3.6 Implement and maintain appropriate technical and organizational measures to protect Personal Information against unauthorized or unlawful Processing and against accidental loss, destruction, damage, theft, alteration, or disclosure. These measures shall be appropriate to the harm which might result from any unauthorized or unlawful Processing, accidental loss, destruction, damage, or theft of Personal Information and appropriate to the nature of the Personal Information which is to be protected, and, at a minimum, in accordance with sound industry practice;

3.7 Upon a valid request, provide reasonably information to help you complete your compliance obligations under the applicable Data Protection Legislation, taking into account the nature of our Processing and the information available to us, including an obligation to respond to Data Subject Requests, adhere to data security obligations, consult with Supervisory Authorities, or conduct data protection assessments. We will notify the User in writing if we receive a request from a Data Subject concerning Personal Information or receive a complaint or request related to the User’s obligations under the Data Protection Legislation. We will allow the User and its authorized agents to conduct reasonable audits and inspections during the term of the Agreement to allow the User to verify that we are processing Personal Information in accordance with our obligations under the Agreement, our Policies, and applicable Data Protection Legislation;

3.8 Notify you, without undue delay, upon becoming aware of and confirming any accidental, unauthorized, or unlawful Processing of, disclosure of, or access to the Personal Information in the course of providing our Products, Platform, or Services under the Agreement, including any Security Breach, and further:

(a) notify the User and provide a detailed description of the Security Breach; the type of information that was disclosed by the Security Breach; the identity of the affected person(s), and the steps we are taking and will take to mitigate and remediate such Security Breach; and

(b) take immediate action to investigate the Security Breach and to identify, prevent, and mitigate the effects of the Security Breach and, with the prior written approval of the User, carry out any recovery or other action necessary to remedy the Security Breach.

3.9 Promptly initiate our purge process to delete or anonymize your Personal Information upon termination of the Agreement; and

3.10 Comply with the applicable Data Protection Legislation.

4. General Provisions.

4.1 In the event of any conflict or inconsistency between the provisions of the Terms of Services and this DPA, the provisions of this DPA shall prevail. For the avoidance of doubt and to the extent allowed by applicable law, any and all liability under this DPA, including limitations thereof, will be governed by the relevant provisions of the Terms of Service and Sale and other Policies.

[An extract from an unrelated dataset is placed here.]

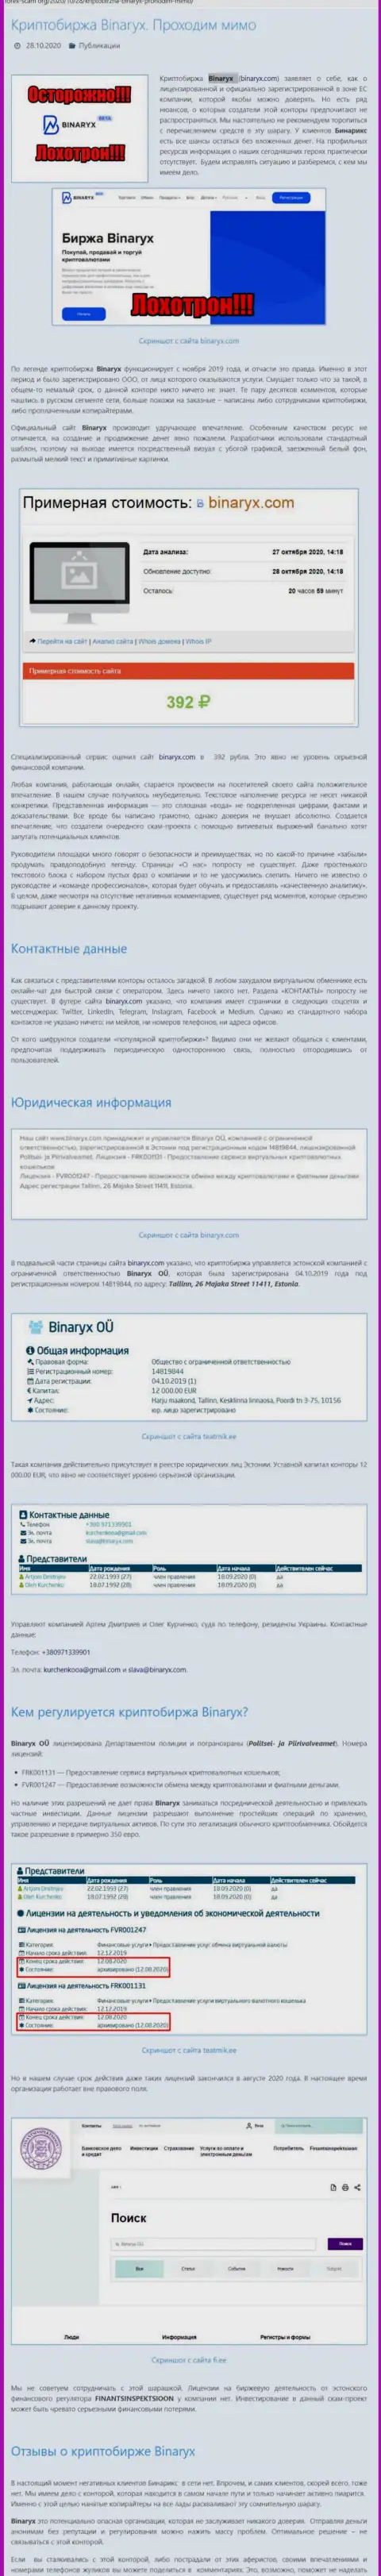 Binaryx OÜ - это КИДАЛЫ ! Слив вложений гарантируют стопроцентно (обзор организации)
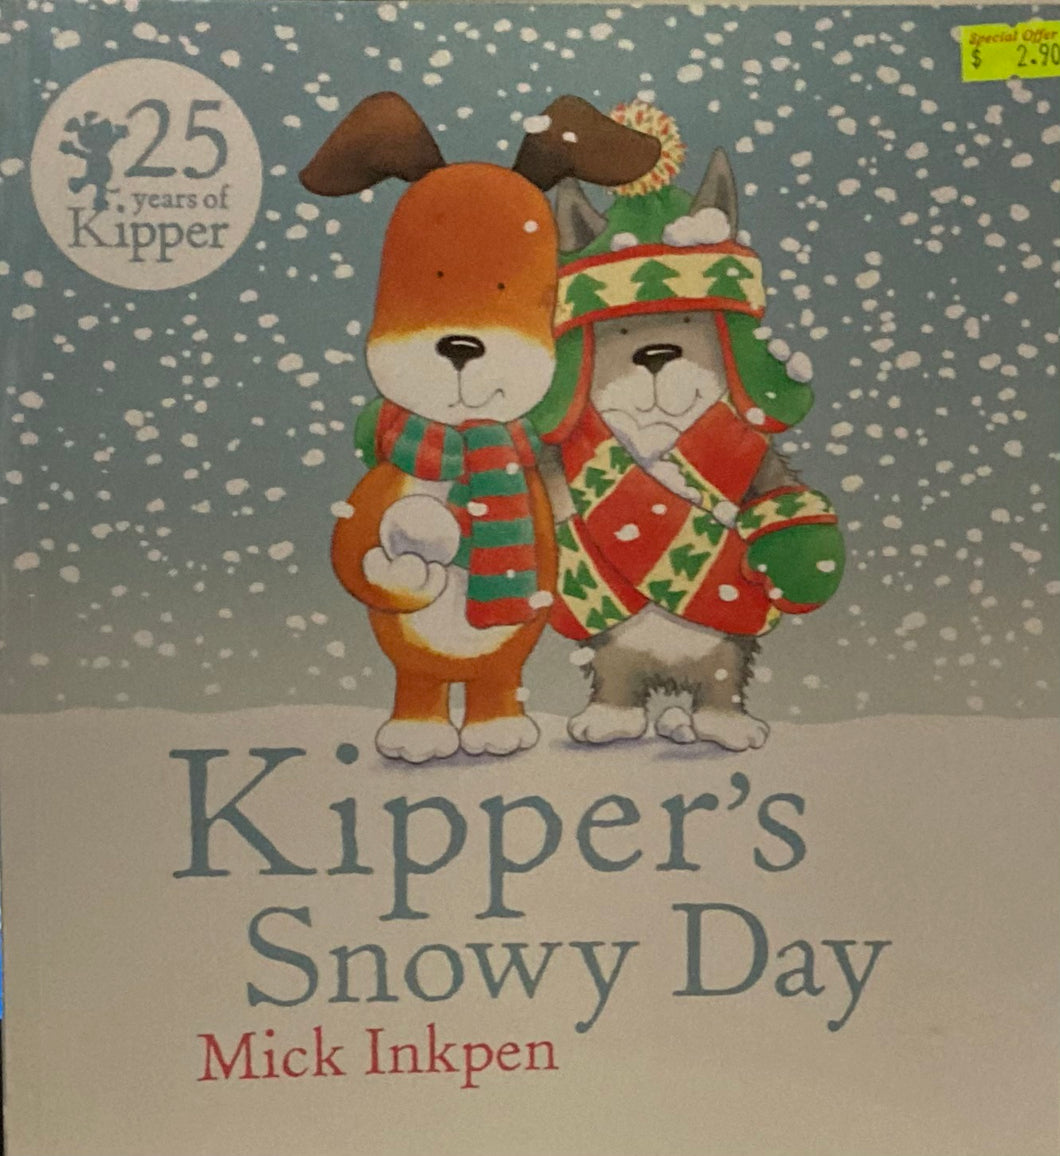 Kipper's Snowy Day - Mick Inkpen

You acknowledge and agree that we may amend this DPA from time to time by posting the relevant amended and restated DPA on our Platform (including our website) and such amendments to this DPA are effective as of the date of posting. Your continued use of our Products, Platform, and Services after the amended DPA is posted to our Platform (including our website) constitutes your agreement to, and acceptance of, the amended DPA. If you do not agree to any changes to this DPA, do not continue to use our Products, Platform, or Services.

4.2 Except as specifically modified and amended in this DPA, all of the terms, provisions and requirements contained in the Agreement shall remain in full force and effect and govern the Agreement. If any provision of this DPA is held illegal or unenforceable in a judicial proceeding, such provision shall be severed and shall be inoperative, and the remainder of this DPA shall remain operative and binding on the parties.